NP swabs and saliva samples produce high-quality SARS-CoV-2 genomes

To establish whether we could generate whole SARS-CoV-2 genomes from saliva, we used the ARTIC Network amplicon generation approach to sequence SARS-CoV-2 RNA extracted from 118 NP swabs and 50 saliva samples on the Oxford Nanopore MinION. These samples represent a random subset of SARS-CoV-2 genomes generated as a part of the Yale Biorepository that encompass a range of Cycle Threshold (CT) values and are not matched from the same individual. We found that the cycle threshold (Ct) value for the N1 target according to the Centers for Disease Control and Prevention (CDC) SARS-CoV-2 RT-qPCR diagnostic assay is associated with genome completeness for both NP swabs and saliva samples (Fig. 1A). Specifically, Ct values are inversely correlated with viral RNA quantity, and we could sequence more complete SARS-CoV-2 genomes from samples with low Ct values, regardless of sample type. We generated high-quality genomes from saliva samples with a wide range of Ct values. A Ct value of 30 is often used as a threshold by sequencing labs, where samples with higher Ct values may not generate complete SARS-CoV-2 genomes (Kubik et al. 2021). Based on our RT-qPCR standard curve, a Ct value of 30 corresponds to ∼1,000 SARS-CoV-2 genome equivalents (GE) per microliters (see Section 4). Our data show that we could sequence the majority of samples with a Ct ≤30 to >80 per cent completeness (117/124, 94.3 per cent) (Supplementary Table S1). However, we generated fewer genomes with >80 per cent completeness from saliva samples with a Ct ≤30 (30/36, 83.3 per cent) compared to NP swabs (87/88, 98.8 per cent).
Figure 1.

Saliva performs comparably to nasopharyngeal (NP) swabs as an original sample for SARS-CoV-2 genome sequencing. (A) The percent of genome with at least 20× coverage is plotted against the Ct value for the N1 target for a cohort of unpaired saliva (blue) and NP swab (yellow) samples. Samples with a Ct value ≤30 (vertical black dashed line) and a genome completeness <80 per cent (horizontal grey line) are displayed in panel B. (B) The percent of the genome at different coverage thresholds (legend, top right) is plotted against Ct value for the N1 target for select samples from A. Grey lines connect points related to the same sample. (C) A subset of samples from the cohorts in panel A are plotted against the number of reads for each sample, showing that nearly all samples (saliva and NP swab) with at least 200,000 reads (vertical black line) have >80 per cent genome completeness.

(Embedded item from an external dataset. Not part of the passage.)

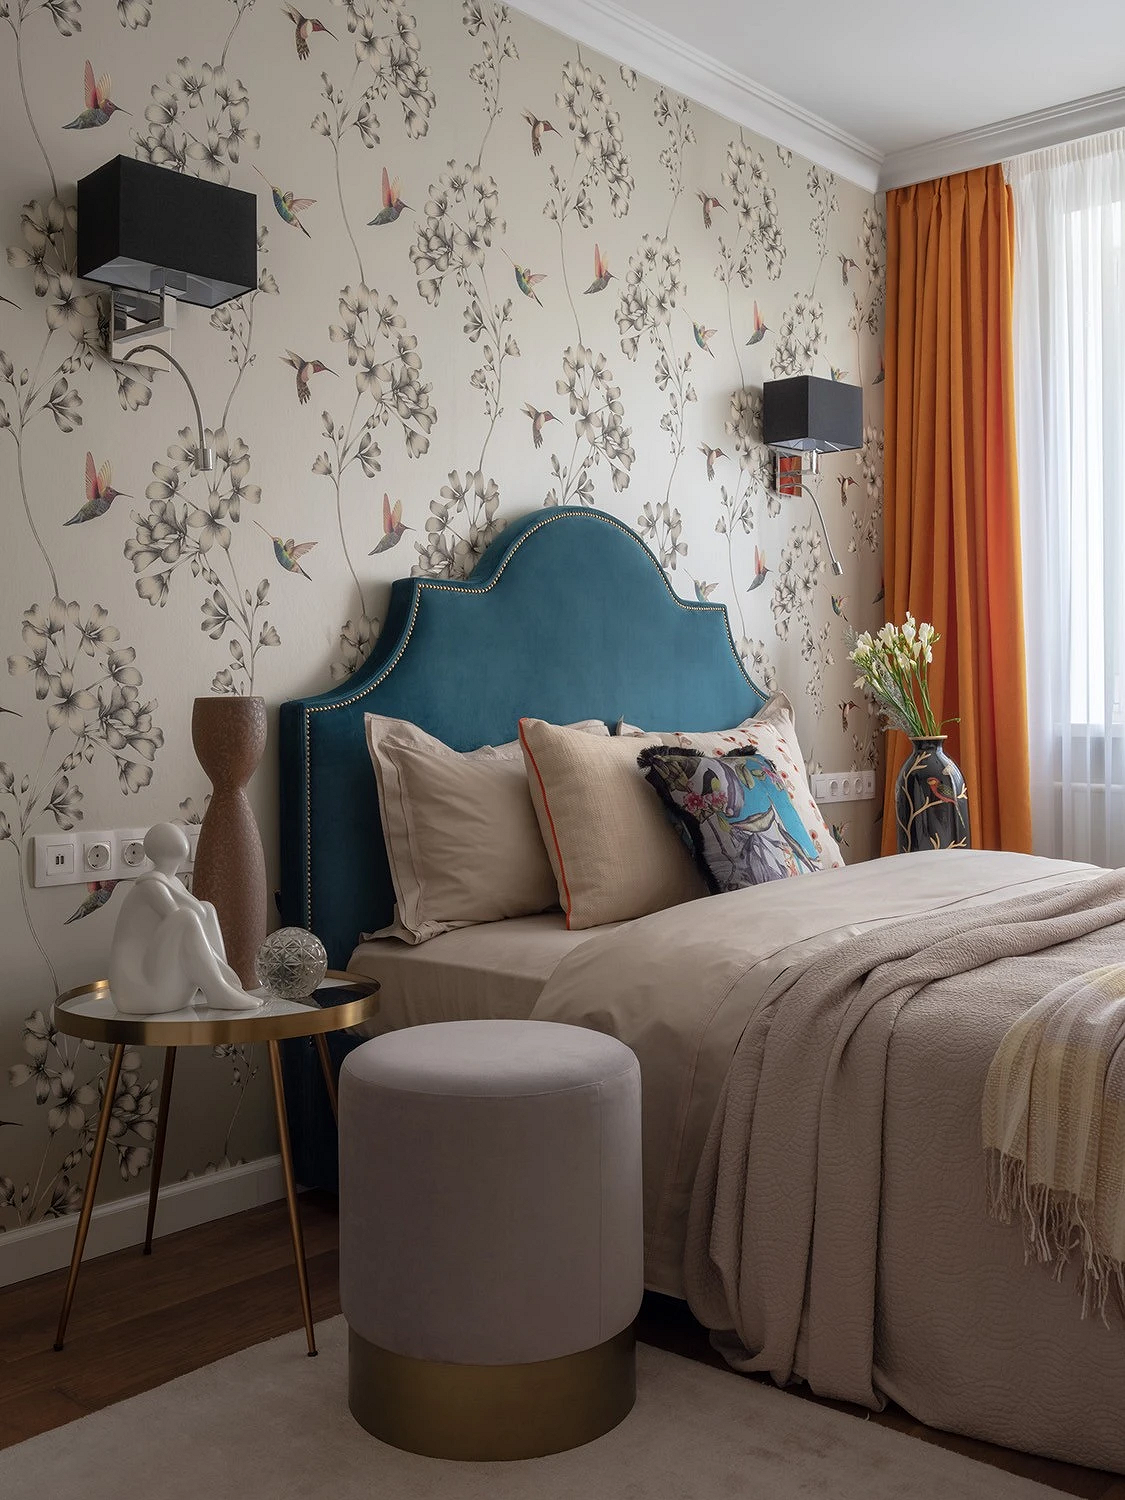 Как дизайнеры оформляют свои спальни? 6 красивых комнат из проектов профи21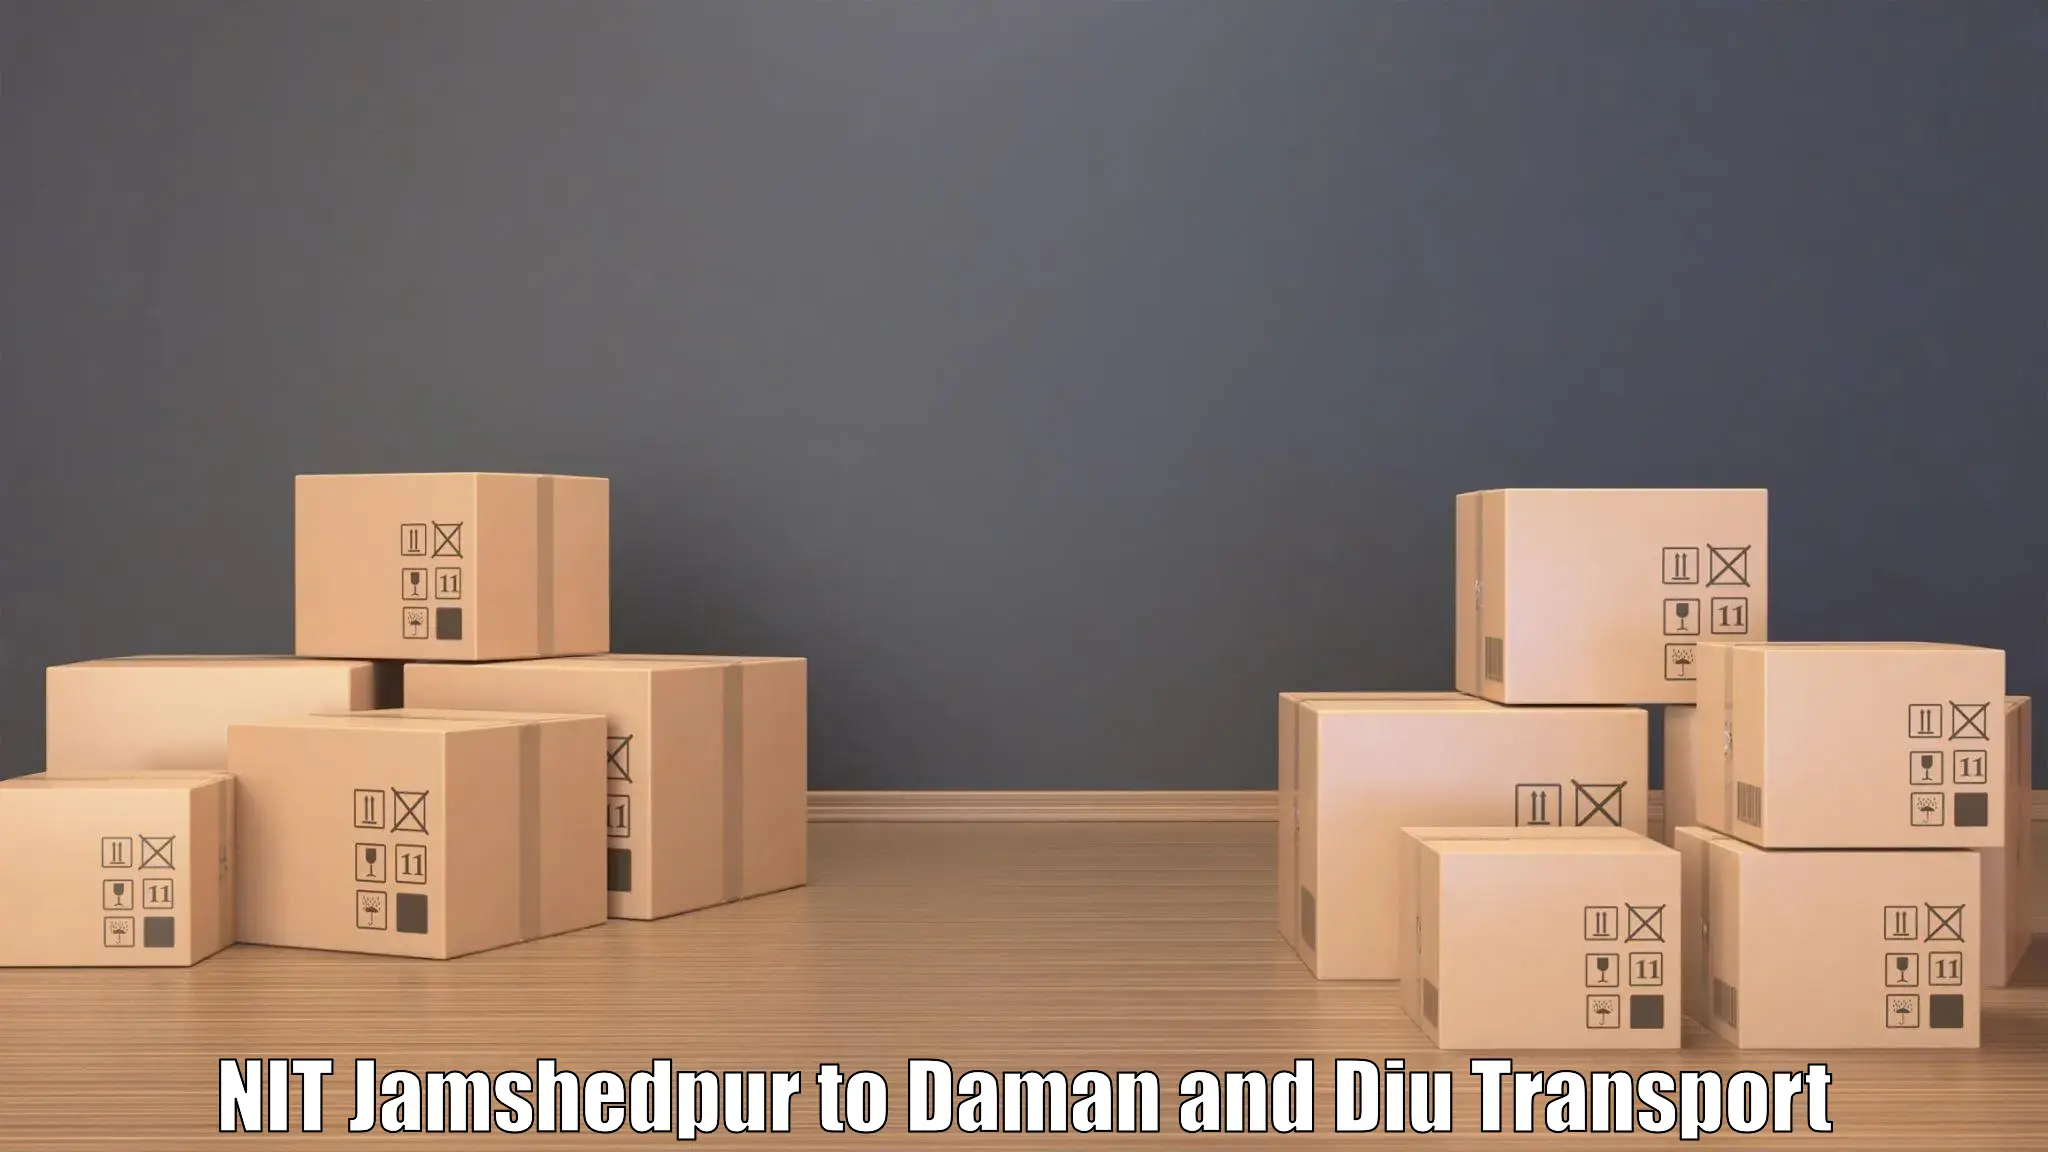 Bike transfer NIT Jamshedpur to Daman

The mean readcount for each cohort is displayed underneath the legend.

SARS-CoV-2 genomes from matched saliva and NP swabs are similar in completeness and content. (A) A cohort of matched saliva and NP swab samples from the same individual were sequenced and reads were subsampled to match the mate with fewer reads. A grey line connects the mates and an empty circle highlights the mate with lower coverage. (B) A maximum-likelihood tree of matched saliva and NP swab samples from Fig. 2A is rooted against the reference genome (NCBI Accession MN908947.3) to show pairwise identity. Tips of the tree aligning vertically indicate that the genomes from these samples are identical. As we require ≥20 aligned sequencing reads to call a base at any genome position, it is useful to assess lower depths of coverage to determine if more complete genomes would be generated with more data. We evaluated the discrepancy in SARS-CoV-2 genome completeness between sample types by calculating genome completeness at various depths of coverage for the six saliva samples and one NP swab with a low Ct value (≤30) and low genome completeness (<80 per cent) (Fig. 1B). For the six saliva samples at 10×, 5×, or 1× depth of coverage, we found that sequencing reads were generated across the genome, suggesting that simply allocating more sequencing space per sample would have resulted in more complete genomes. However, genome completeness was only slightly improved at lower depths of coverage for the single NP swab sample. This NP swab sample appears to be an anomaly, as all other SARS-CoV-2 genomes generated from NP swabs with CTs <30 generated high-quality genomes. We sequenced all samples included in this study in a multiplexed fashion, with as many as twenty-two samples included per run, and therefore, the total amount of sequencing space given to each sample varies. As expected, we found a direct relationship between the total number of reads per sample and the genome completeness for both saliva and NP swabs (Fig. 1C). Of the fifty-one samples composed of >200,000 reads, fifty (98 per cent) exhibited high levels of genome completeness (>80 per cent). Therefore we suggest allocating at least 200,000 reads per sample, regardless of sample type, to generate near-complete SARS-CoV-2 genomes using this sequencing approach. We have observed more variability in depth of coverage distribution from samples with higher CT values, indicating that more data are necessary to generate high-quality genomes from these samples.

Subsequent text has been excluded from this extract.